Riding the wave requires the right balance
Most industry observers would agree that the waves of e-commerce and smartphone apps are not about to abate any time soon; in fact, most observers think they’re only going to increase in the coming years. These twin waves present great opportunities for retailers who are adept at adapting to trends, but they must be sure to maintain the right balance. This is true for grocers who are embarking on the journey to become truly omni-channel; pricing offers must be balanced across the store, e-commerce and smartphone apps. An integrated data and analytical platform that drives omni-channel personalization is the key, and it can take a retailer’s personalization efforts to new heights.
For example, you may find that 90% of your customers are happy with a shelf price of $1.99 for an item, but what happens to the other 10% of customers who are only willing to pay a lower price? The retailer could lower the price to the lowest desired price point and accept lower overall profits as a result. Alternately, the retailer could put the $1.99 price on the shelf and then provide personalized offers to the 10% of customers who want to pay a lower price. This approach achieves multiple objectives simultaneously: The retailer achieves their sales and profit targets while delivering a positive price perception and higher customer satisfaction. Doing so, however, requires an integrated approach.
Tracking and improving
The good news is: The further you move down the personalization path, the greater the reward: The more personalized offers you deploy, the more data and insights you have. And having more data and insights means you can more deeply target and personalize future offers. It’s a productive loop that benefits both sides.

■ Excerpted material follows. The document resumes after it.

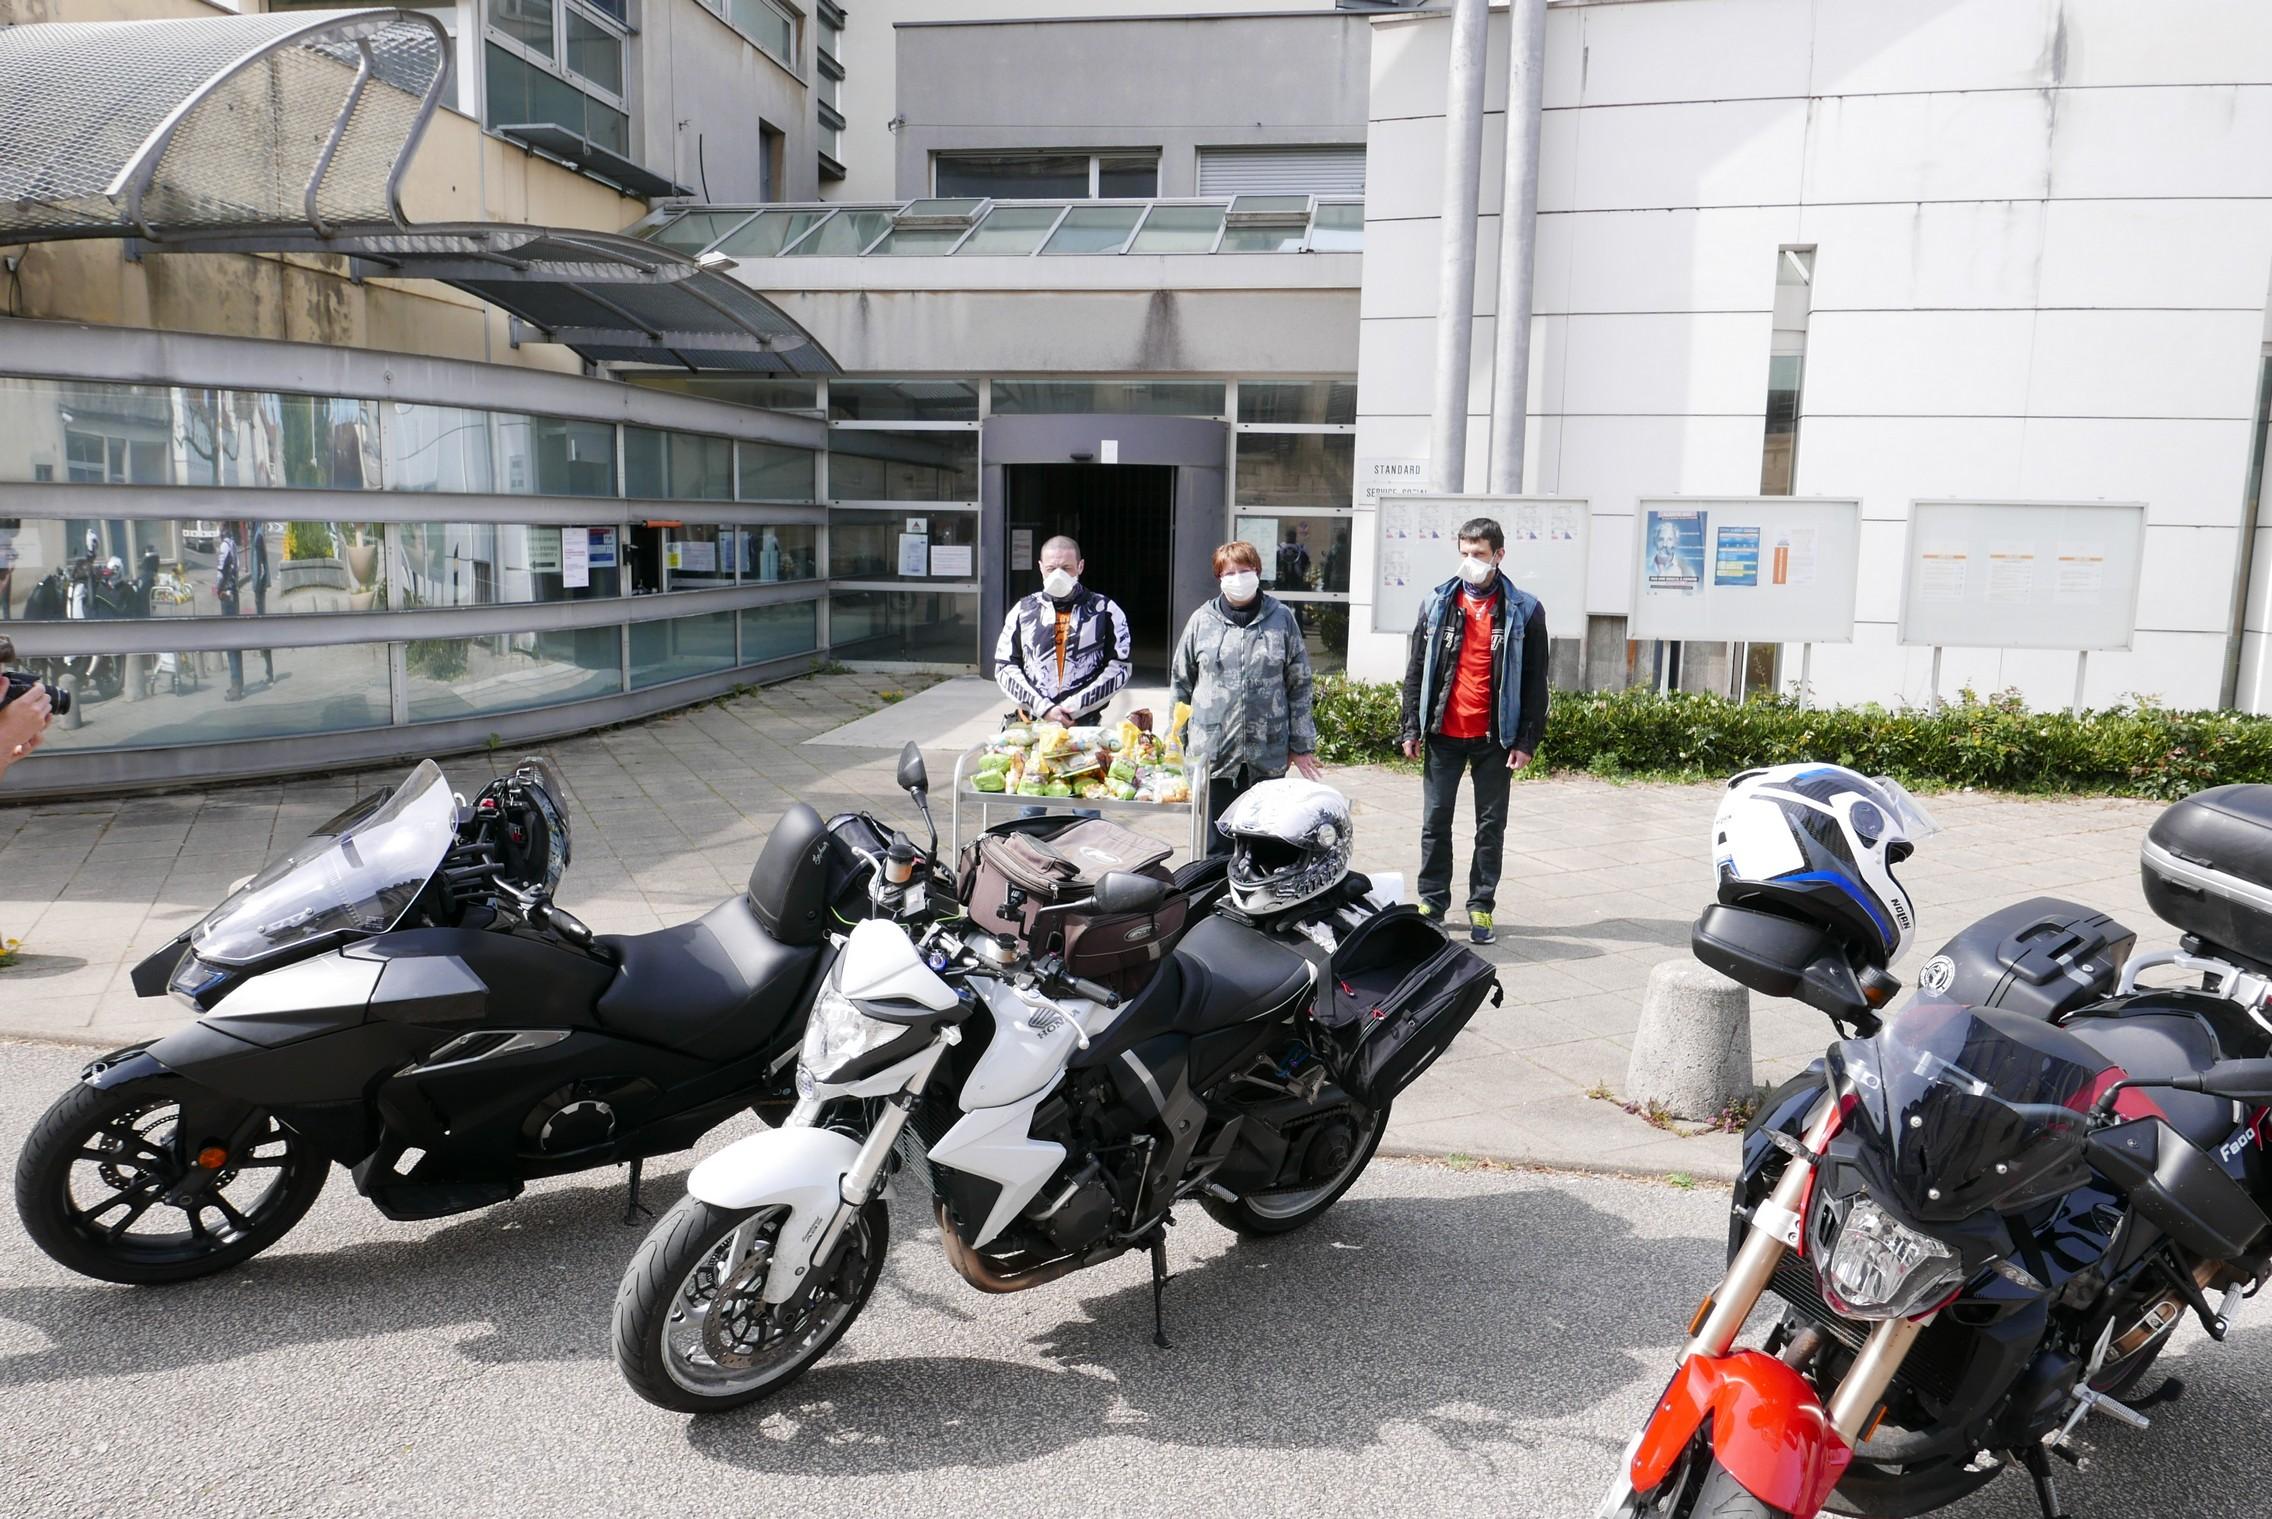 En offrant des chocolats de Pâques, le motoclub montre sa solidarité avec le personnel hospitalier

- Forty-two percent of North Americans are willing to provide personal information in exchange for tailored offers based on what they buy, according to the 2016 Precima Promotional Study.
- Fifty-five percent of North American consumers are more willing to provide their personal information in exchange for special offers and events earmarked for certain best customers.
- Sixty-one percent of consumers would give more personal information if companies sent relevant communications and product offers, according to the 2016 LoyaltyOne Consumer Sentiment Study.
In addition, personalized offers solidify and deepen customer relationships, enhancing loyalty that lasts the length of the customer life cycle. The 2016 Precima Promotional Study found that retailers still have some work to do when it comes to personalizing offers, as only 55% of shoppers are satisfied with the personalization of the offers at their primary store. While 55% is not a low percentage, it compares poorly with the satisfaction level expressed for other criteria – quality (95% satisfaction), regular prices (92%) and trade promotions (83%). CPG manufacturers and grocers must adopt personalization to thrive in a rapidly shifting, digitally oriented marketplace. Competition is fierce, and customer expectations will only increase. The companies that commit to connecting with their best customers – and meeting their needs on a personal level – will ultimately win.